The required output is the run of lines from the one holding "cotton-ball-snowman-fun-family-crafts" through the final line of the listing, restated word for word, with no pictures.

» **Dataset excerpt**
────────────────
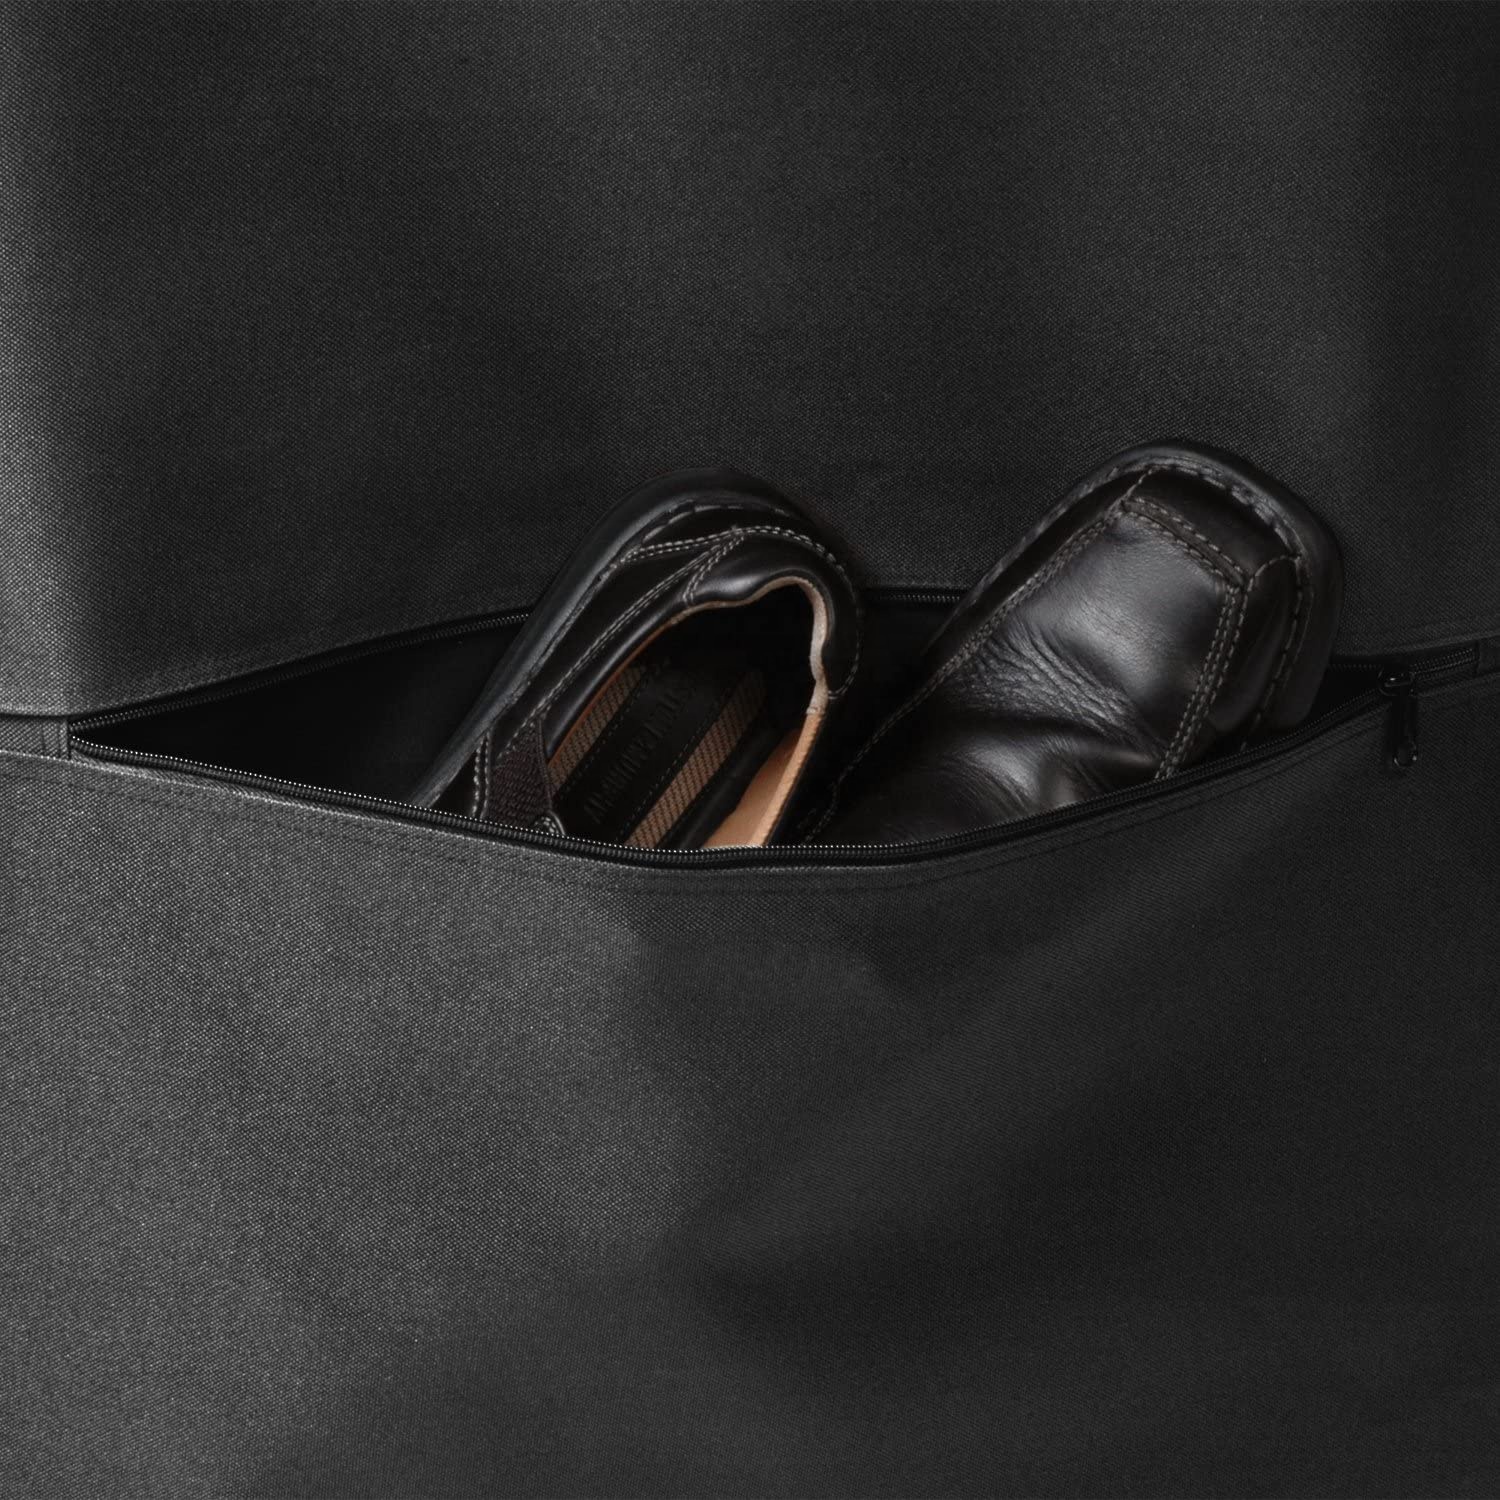 Waterproof Full Zipper with Shoes Pocket Garment / Suit Bag
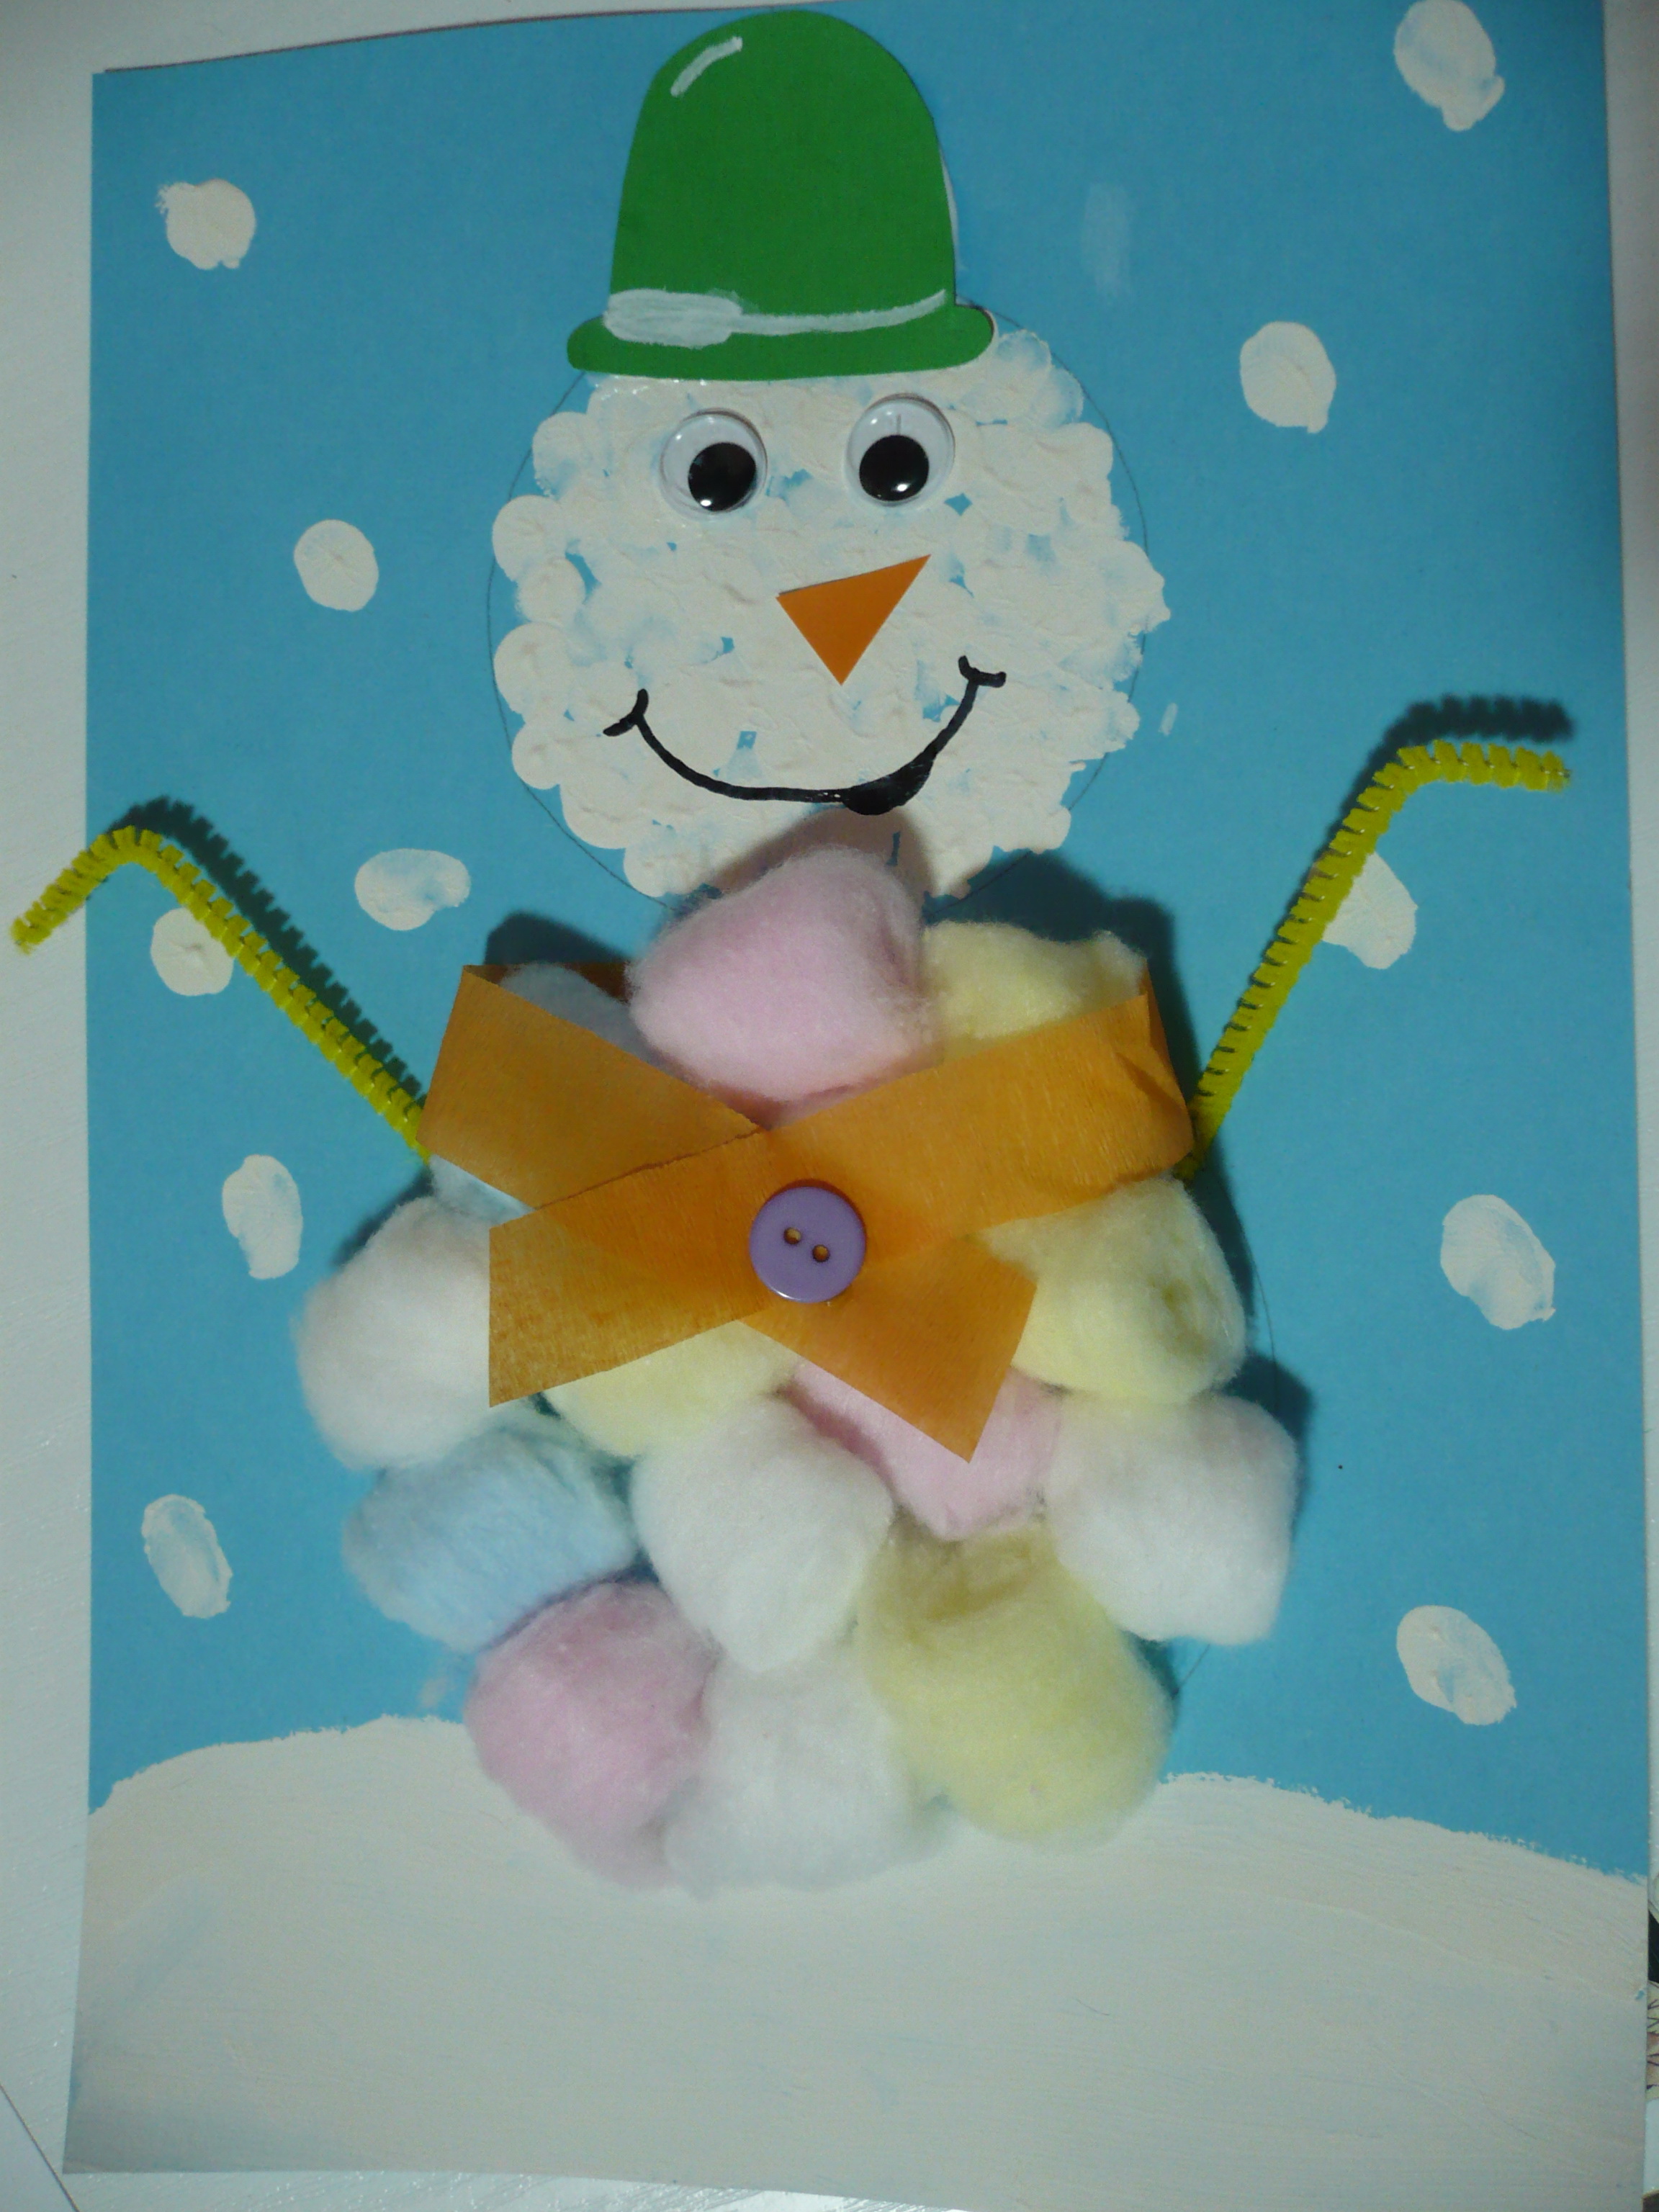 cotton-ball-snowman-fun-family-crafts
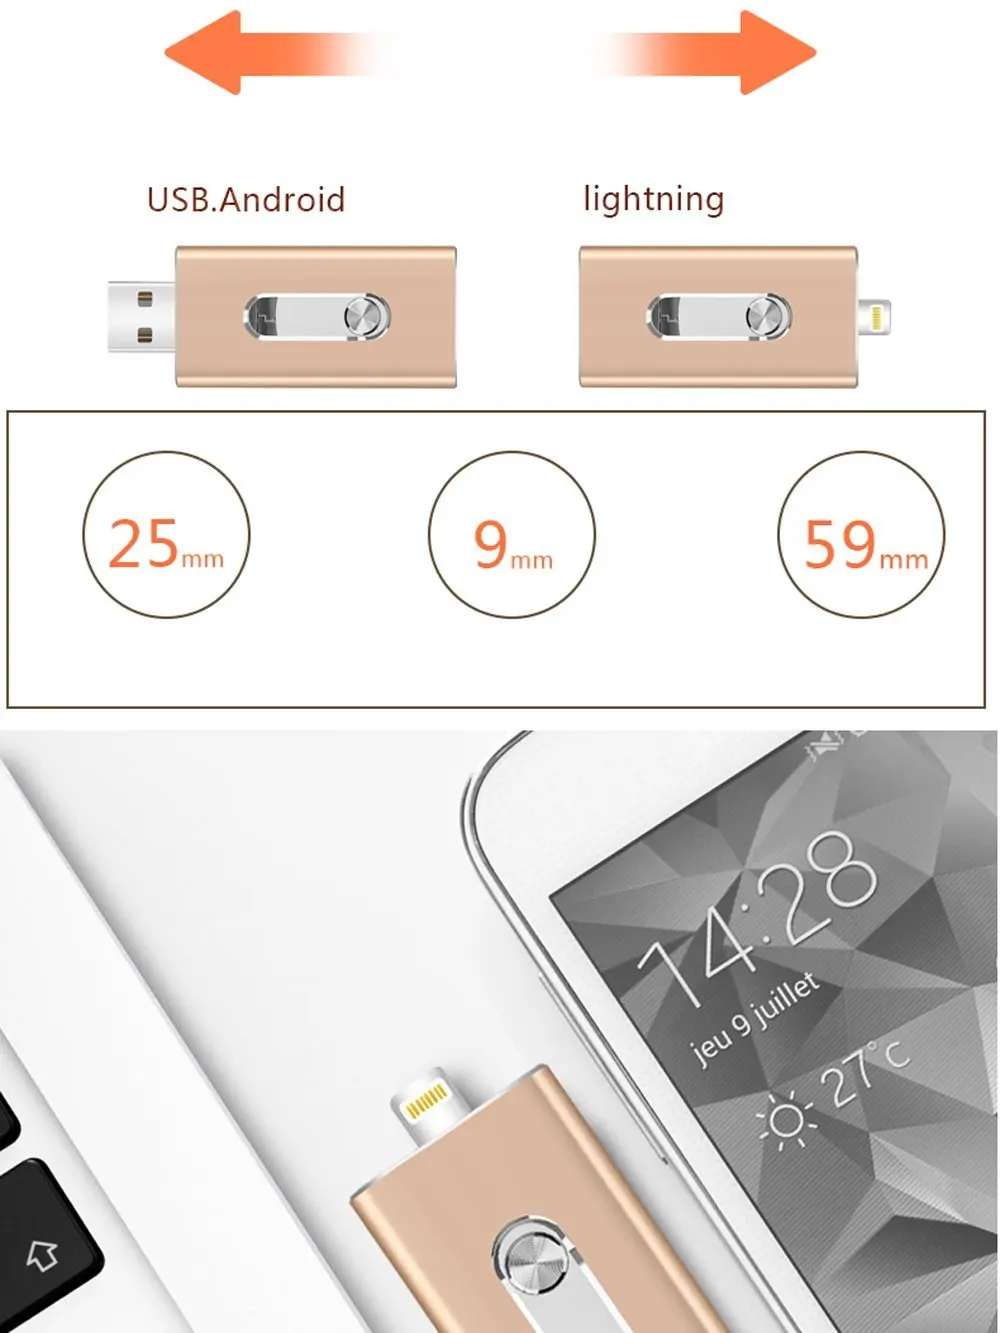 Usb флэш-накопитель для iPhone флеш-накопитель Флешка 3-в-1 Освещение USB флэш-память 3,0 зашифрованный флеш-накопитель 256 ГБ Usb ключ
────────────────
» **Written answer**
 cotton-ball-snowman-fun-family-crafts
 Usb флэш-накопитель для iPhone флеш-накопитель Флешка 3-в-1 Освещение USB флэш-память 3,0 зашифрованный флеш-накопитель 256 ГБ Usb ключ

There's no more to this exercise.